EXERCISE DATA:
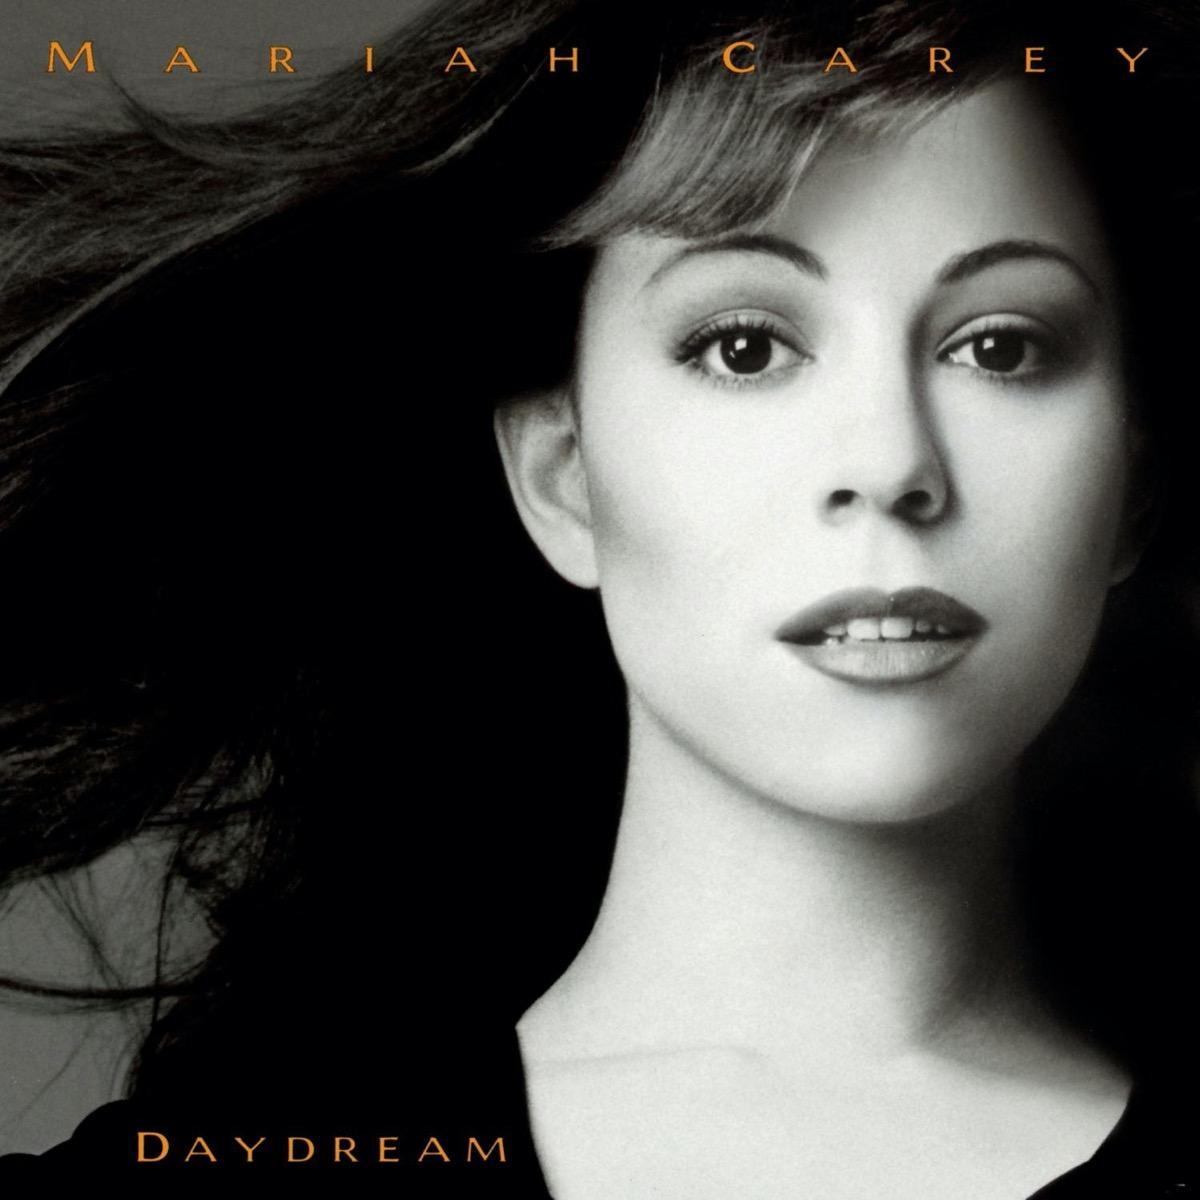 Mariah Carey Daydream album cover
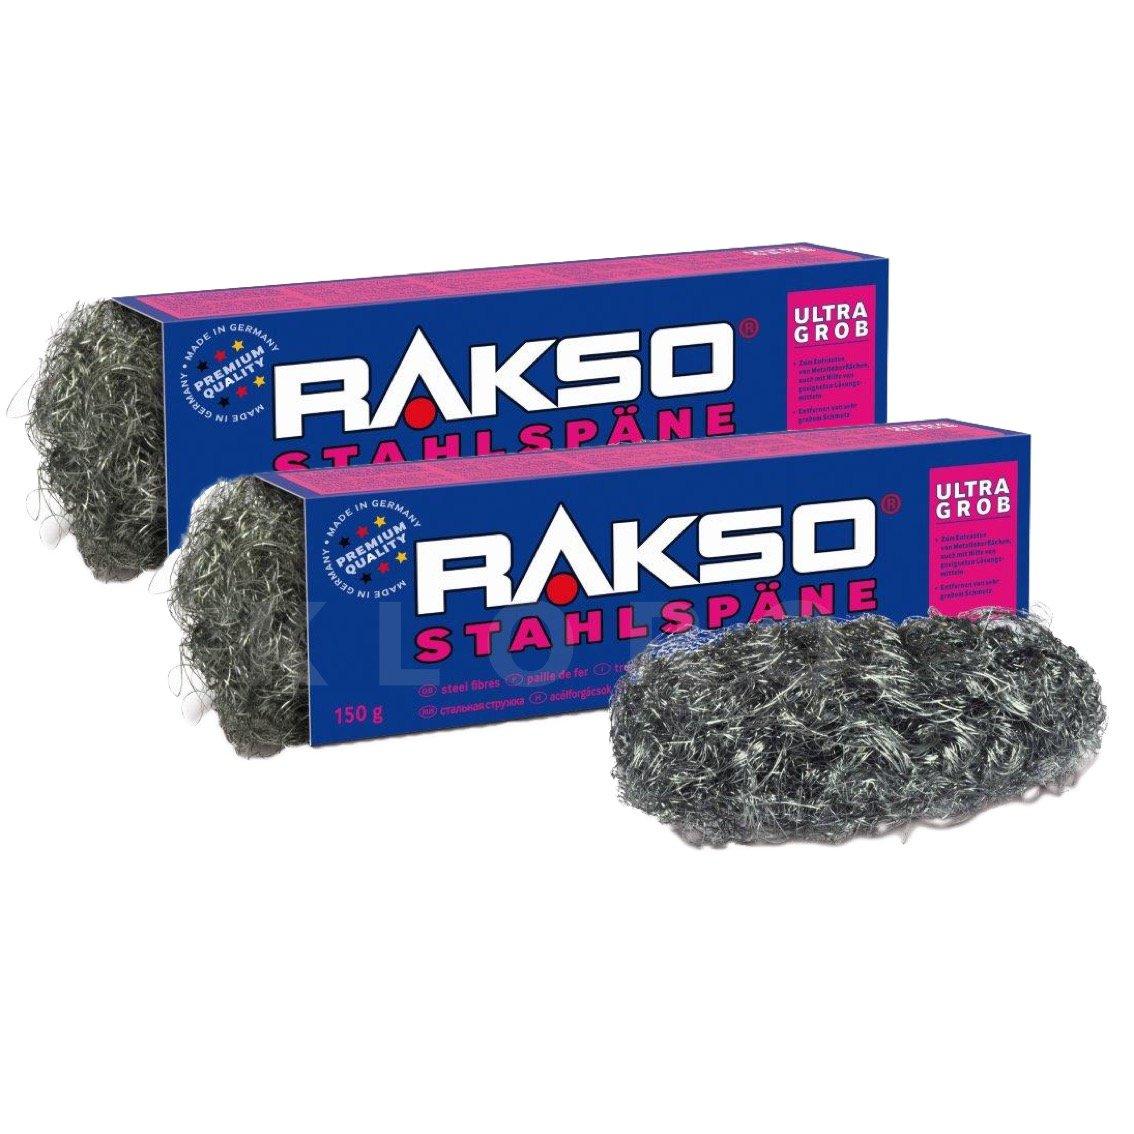 RAKSO® Stahlspäne Sorte ultragrob 2 Pakete mit 150 g 030403
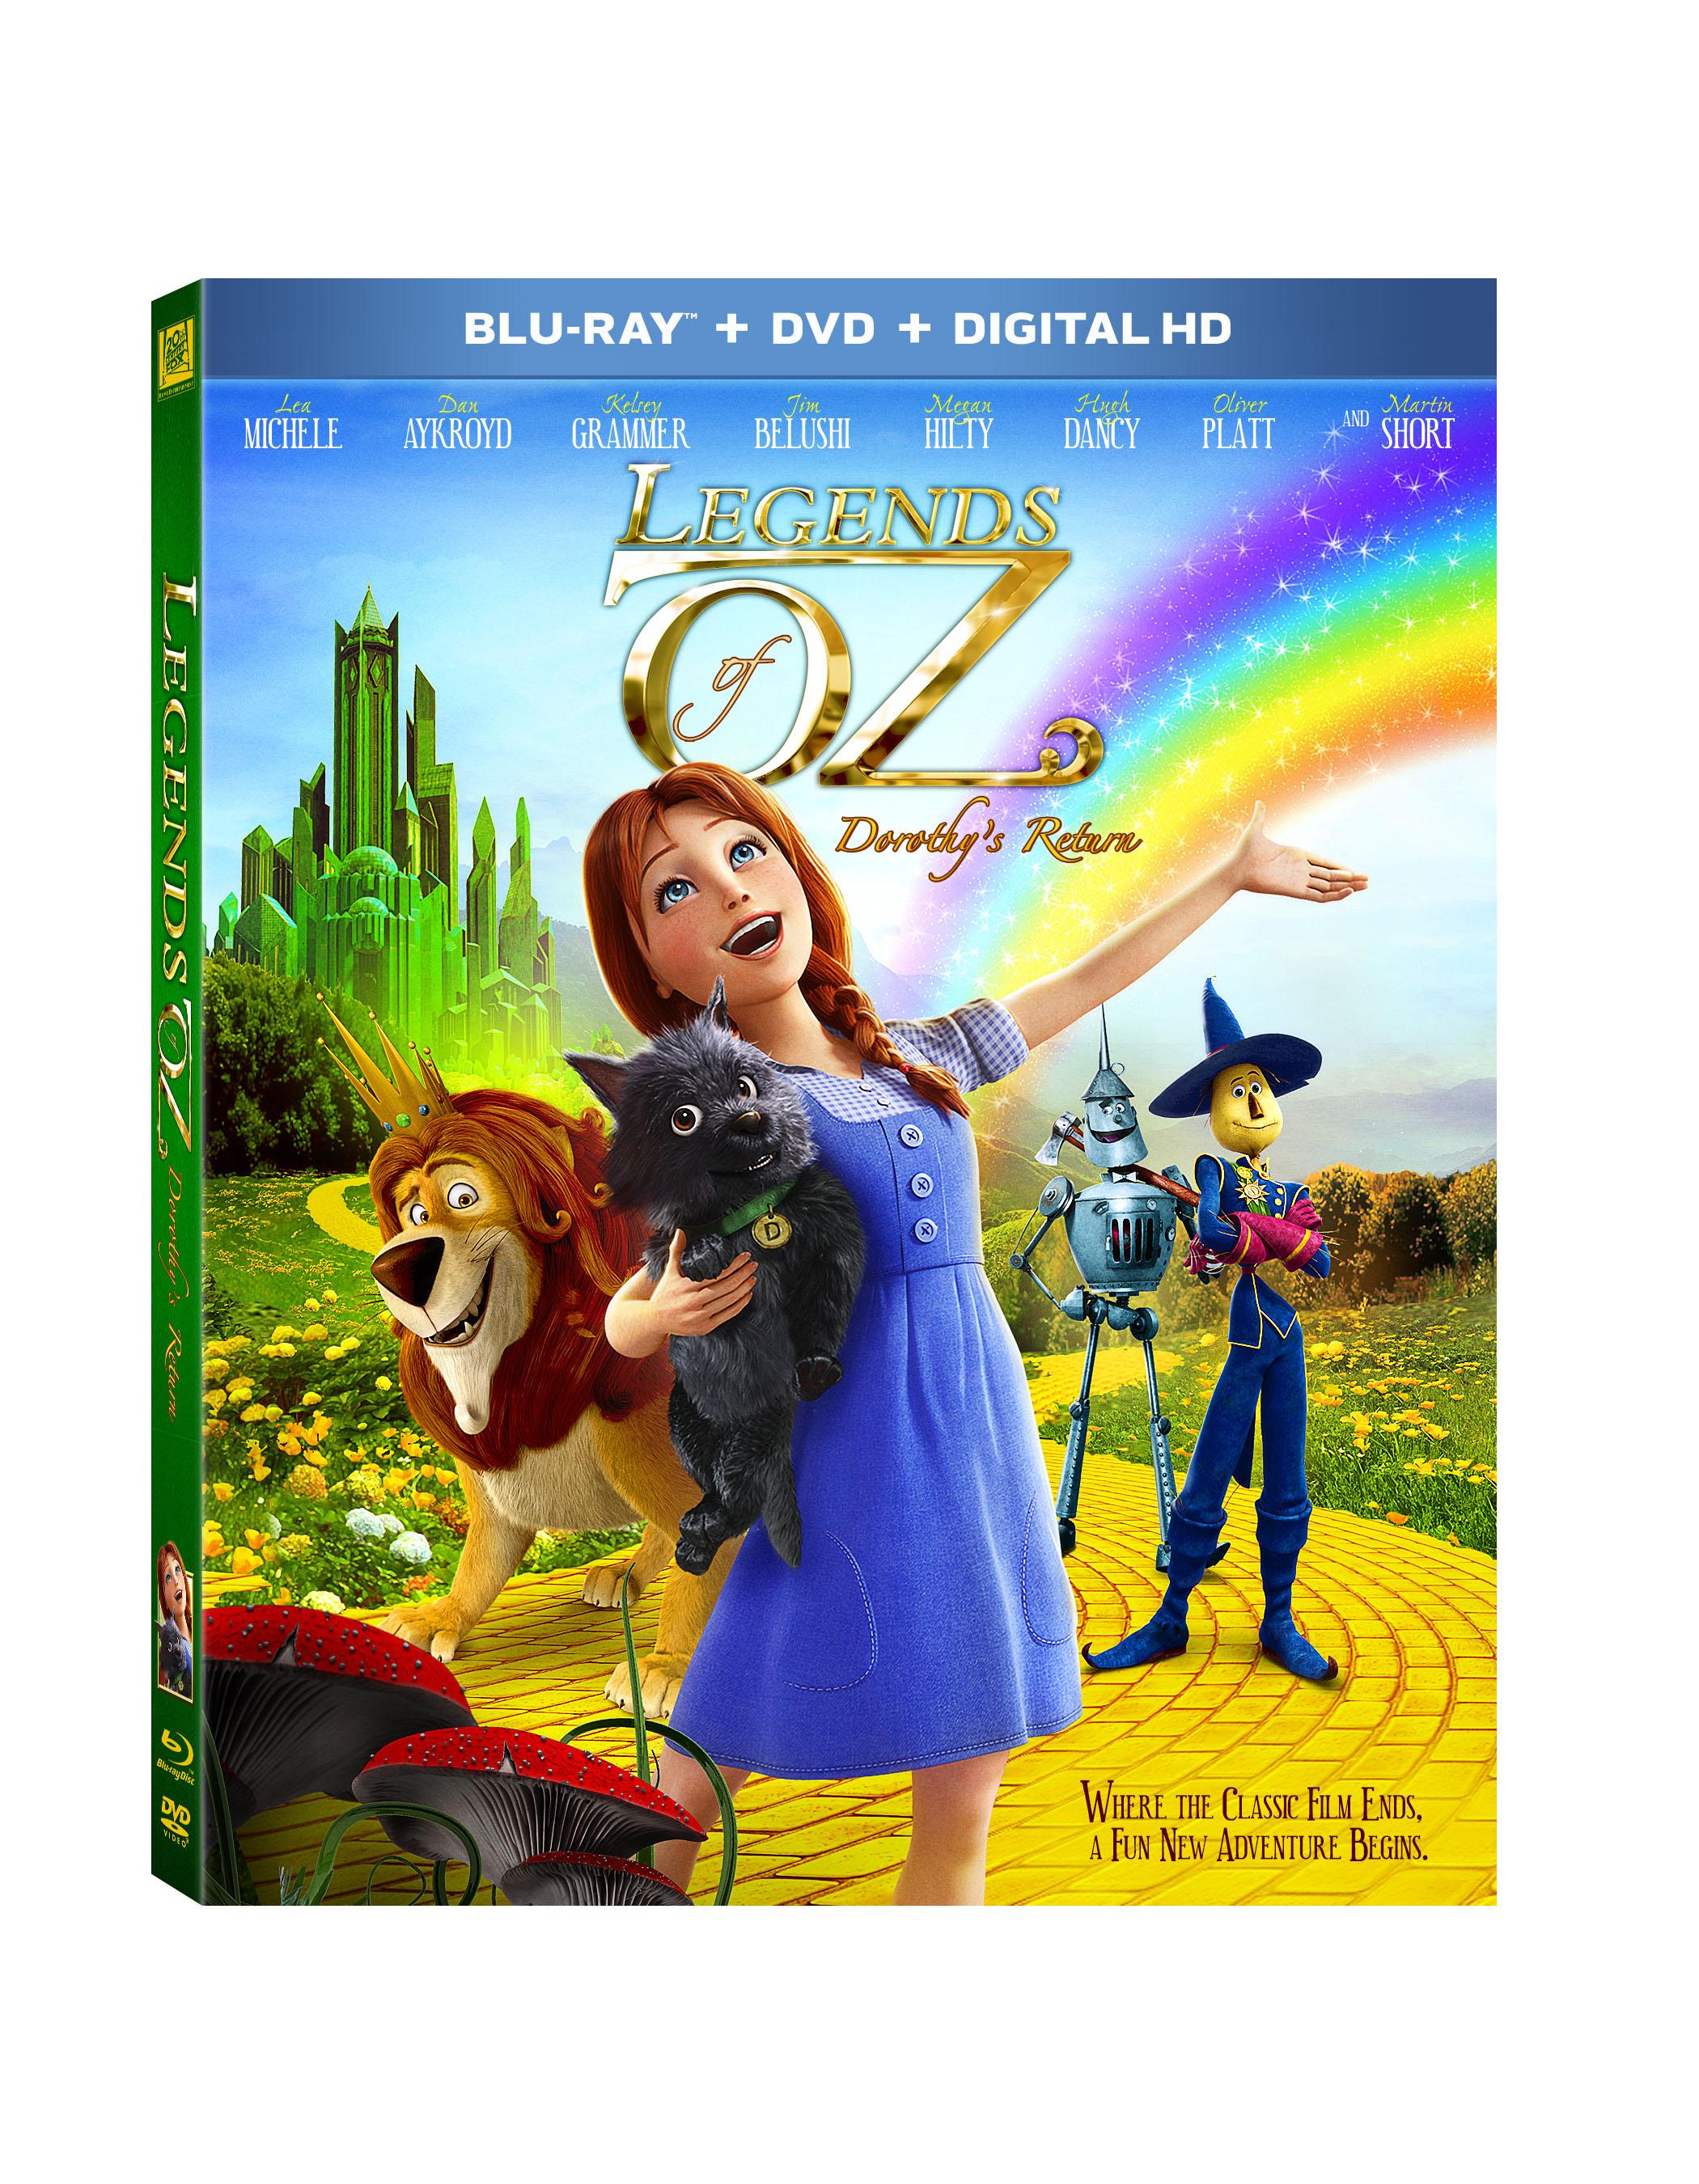 Win Legends of Oz Blu-Ray! #OzInsiders ~ Ends 9/8/14
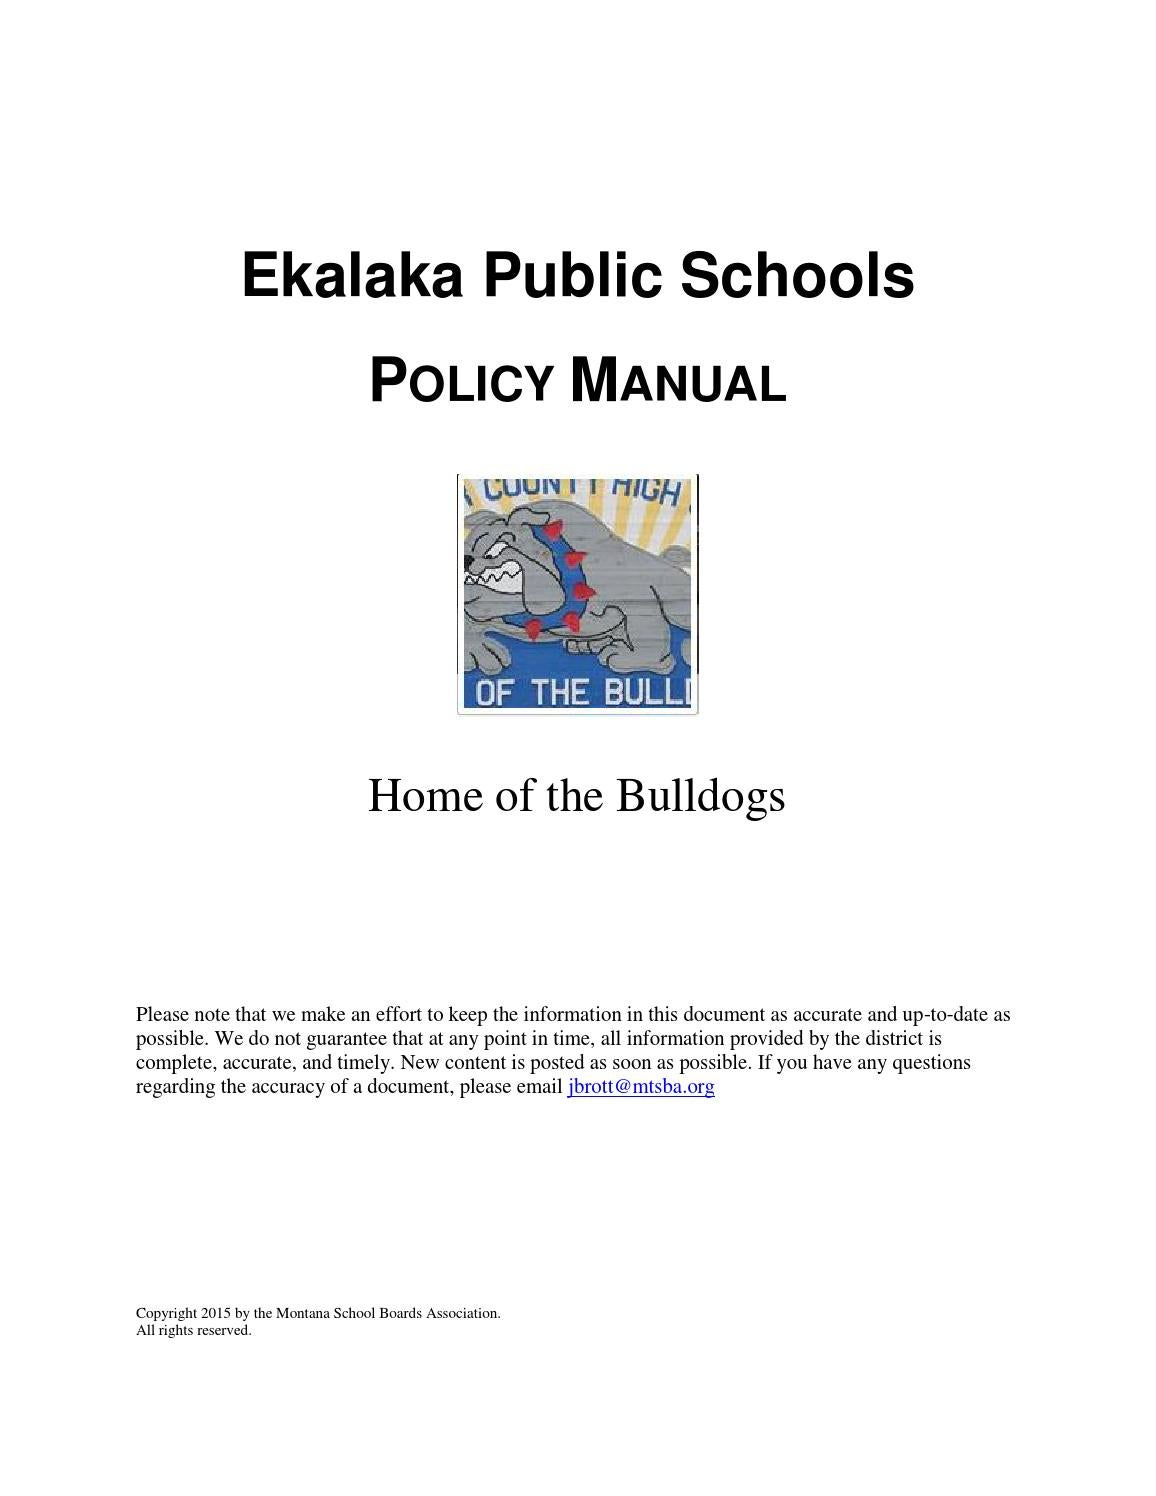 Ekalaka Public Schools Policy Manual by Montana School Boards Association -  issuu

WHAT YOU WILL DO:
Print every line of the material exactly as written, but drop the pictures.

WRITTEN REPLY:
 Mariah Carey Daydream album cover
 RAKSO® Stahlspäne Sorte ultragrob 2 Pakete mit 150 g 030403
 Win Legends of Oz Blu-Ray! #OzInsiders ~ Ends 9/8/14
 Ekalaka Public Schools Policy Manual by Montana School Boards Association -  issuu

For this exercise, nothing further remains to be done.